EXERCISE: Carry none of the pictures over; write out the complete data exactly.

STORED DATA:

= = = =

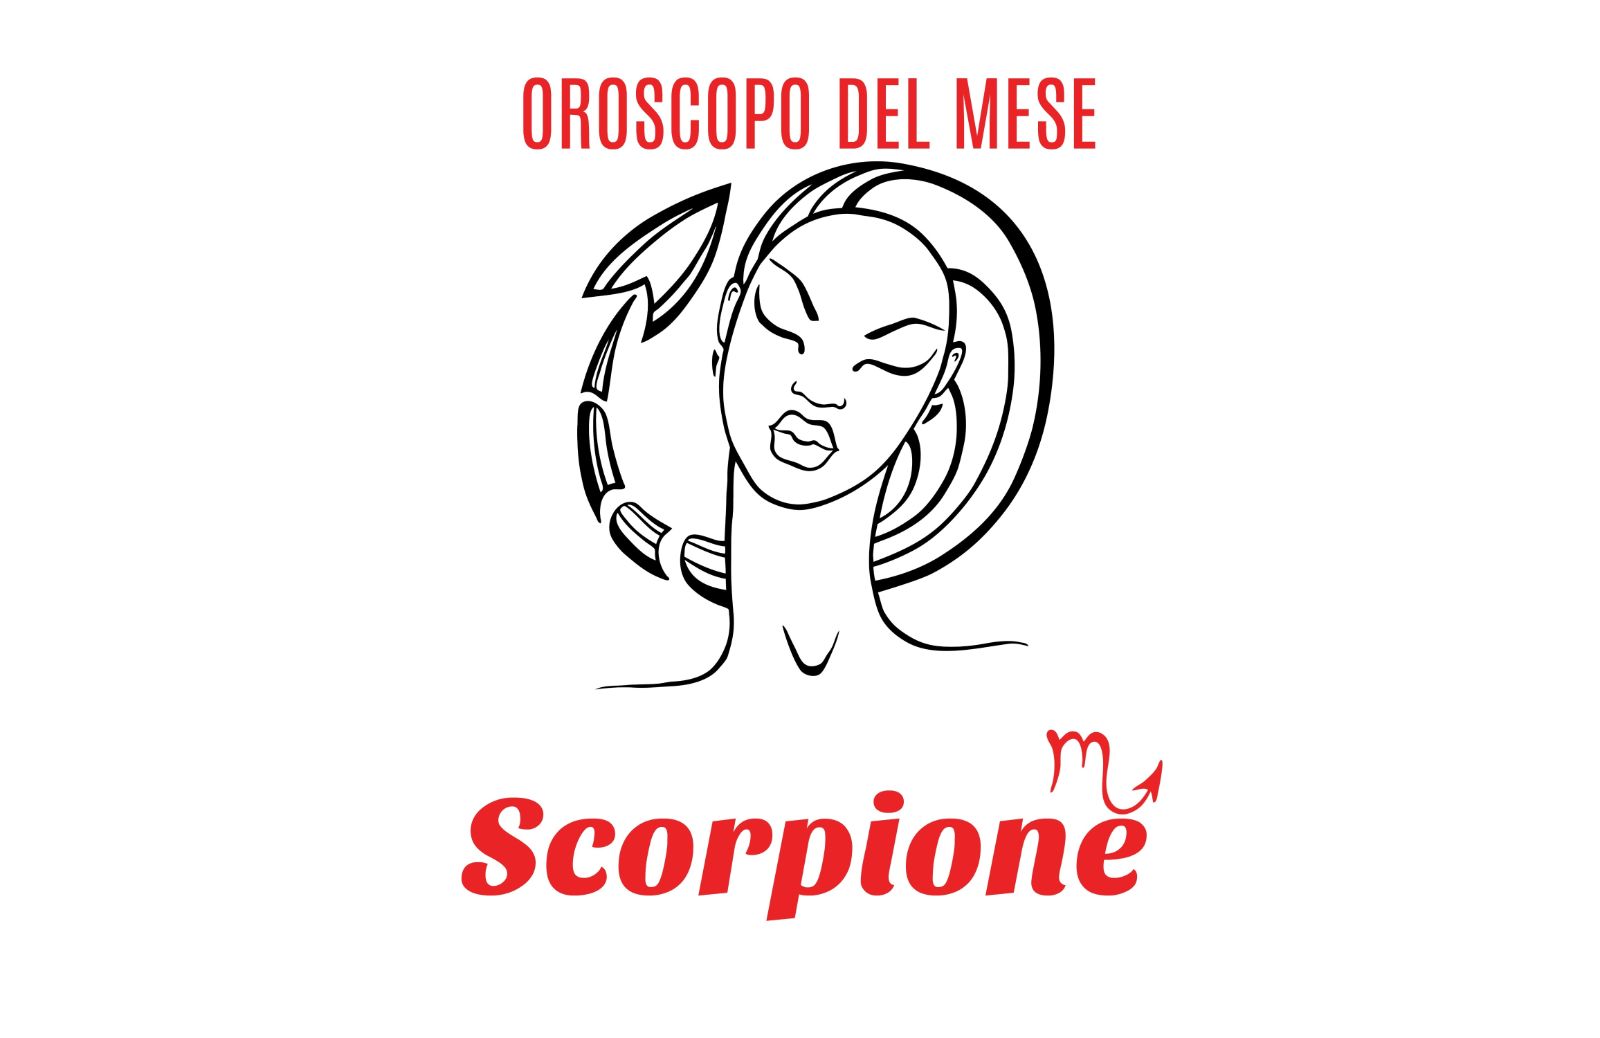 Oroscopo del mese: Scorpione - novembre 2018
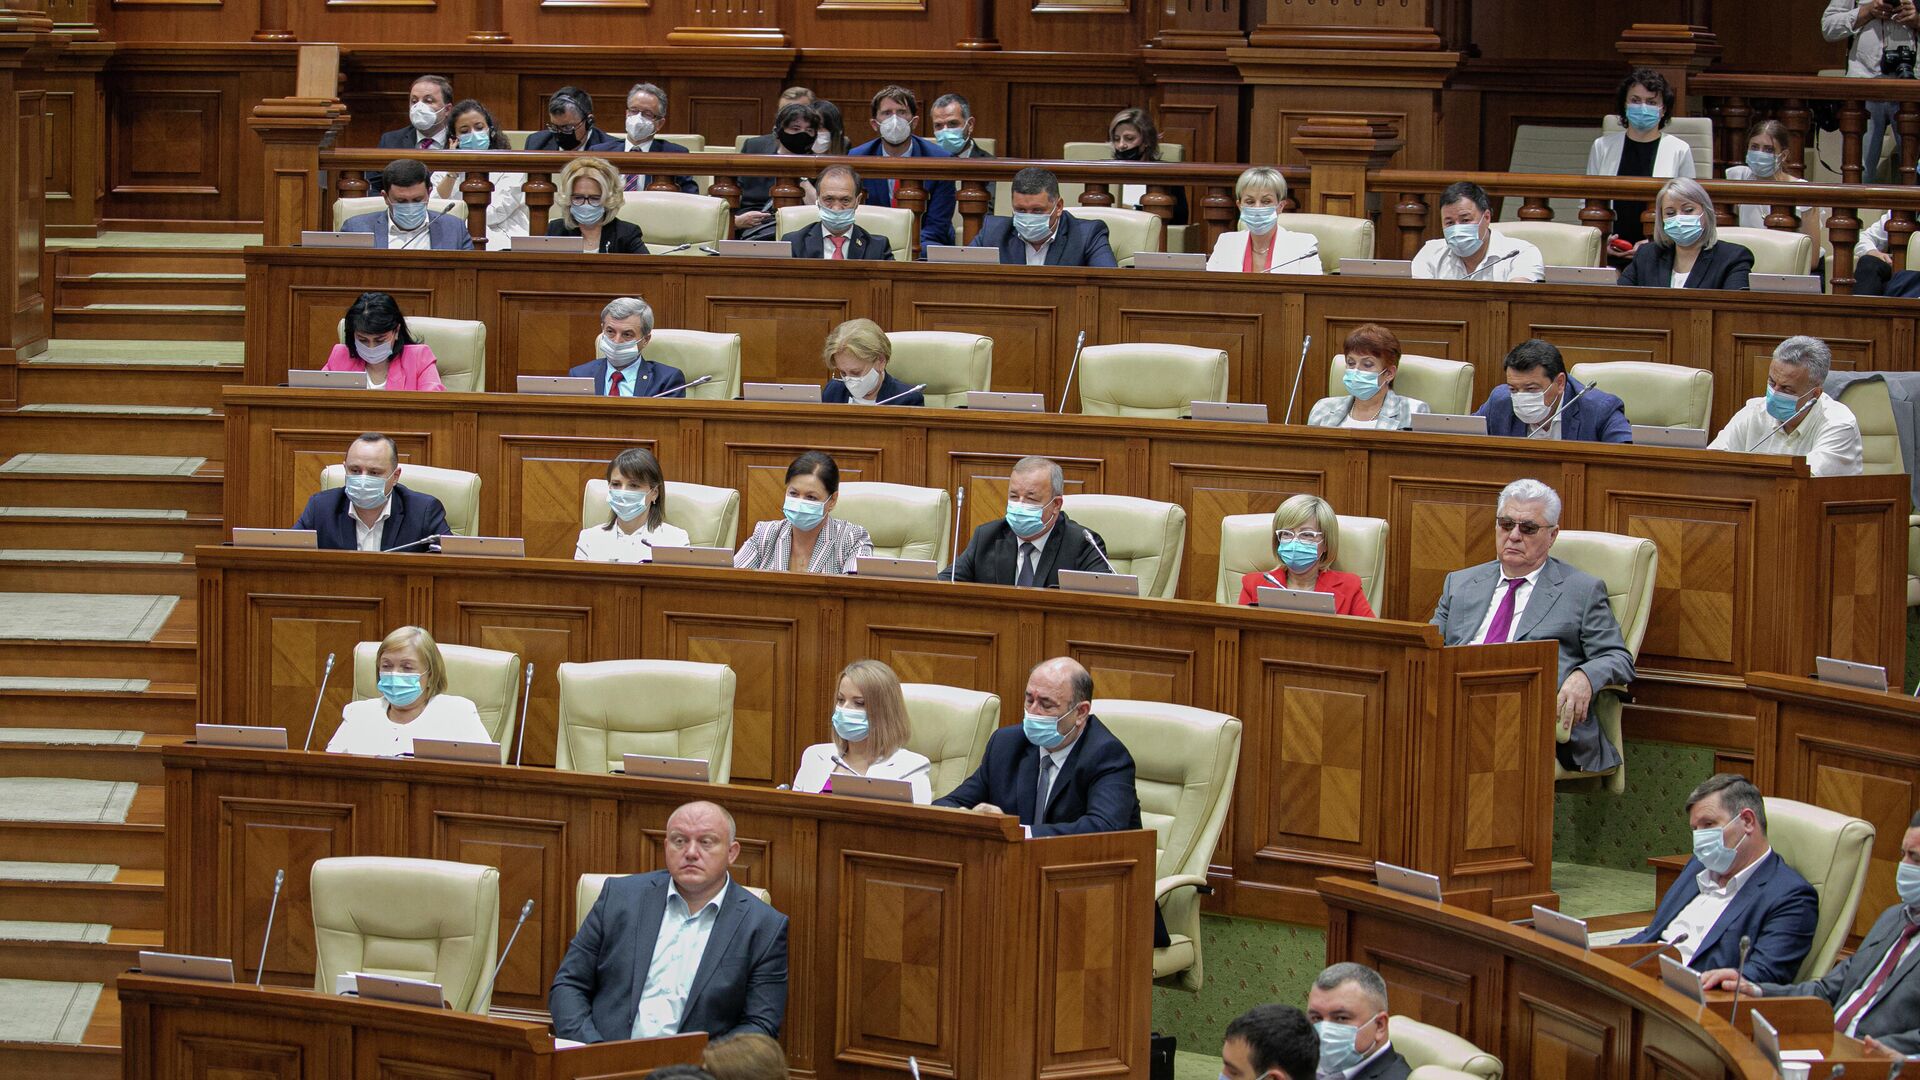 Ședința de constituire a Parlamentului de Legislatura a XI-a - 26 iulie 2021 - Sputnik Moldova, 1920, 01.09.2021
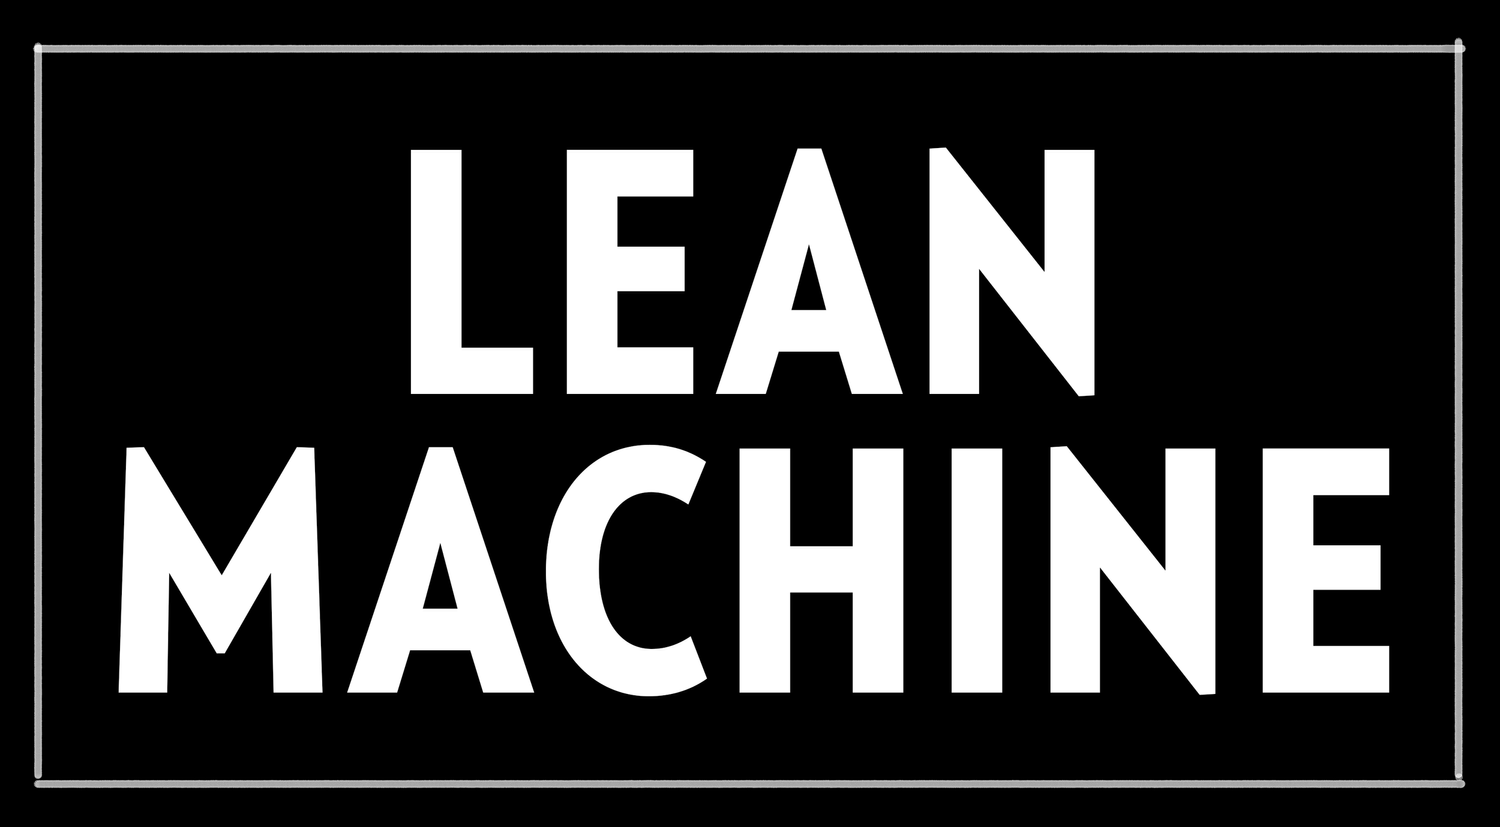 Lean Machine
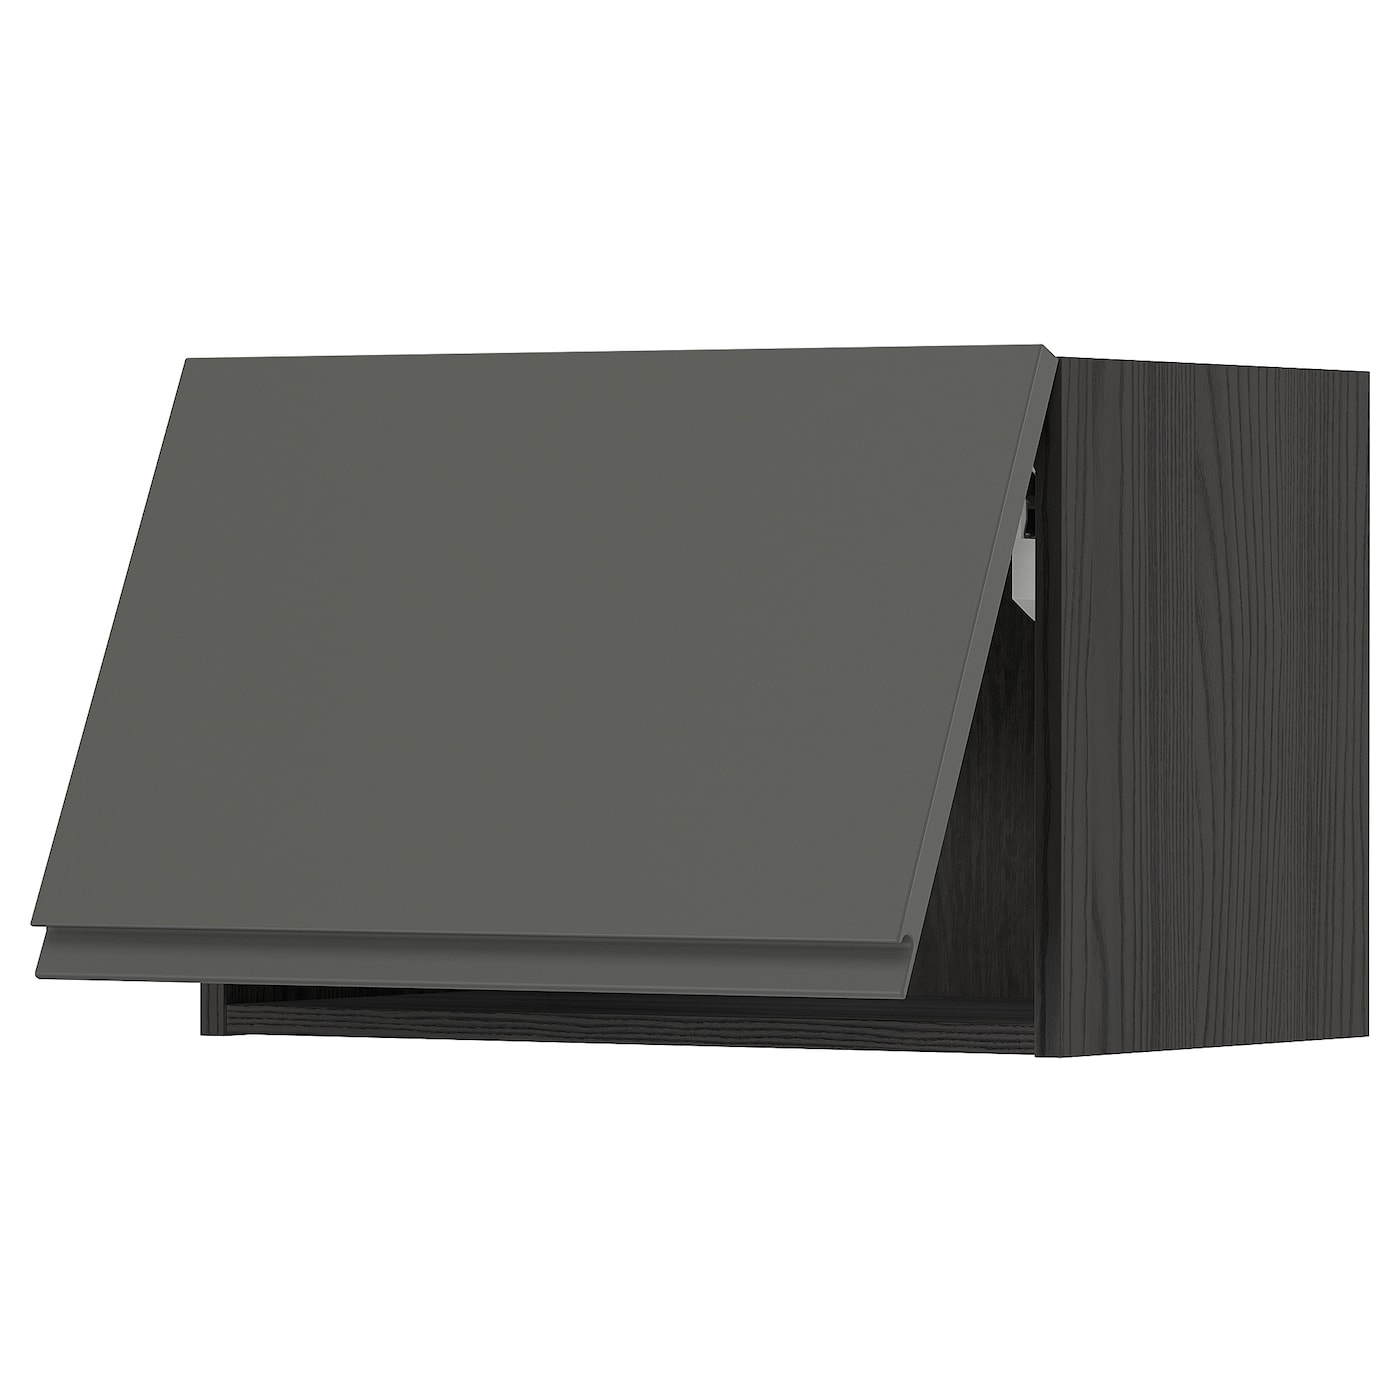 Навесной шкаф - METOD IKEA/ МЕТОД ИКЕА, 40х60 см, черный

= = = =

ANSWER TO THIS TASK:
 Oroscopo del mese: Scorpione - novembre 2018
 Ședința de constituire a Parlamentului de Legislatura a XI-a - 26 iulie 2021 - Sputnik Moldova, 1920, 01.09.2021
 Lean Machine
 Навесной шкаф - METOD IKEA/ МЕТОД ИКЕА, 40х60 см, черный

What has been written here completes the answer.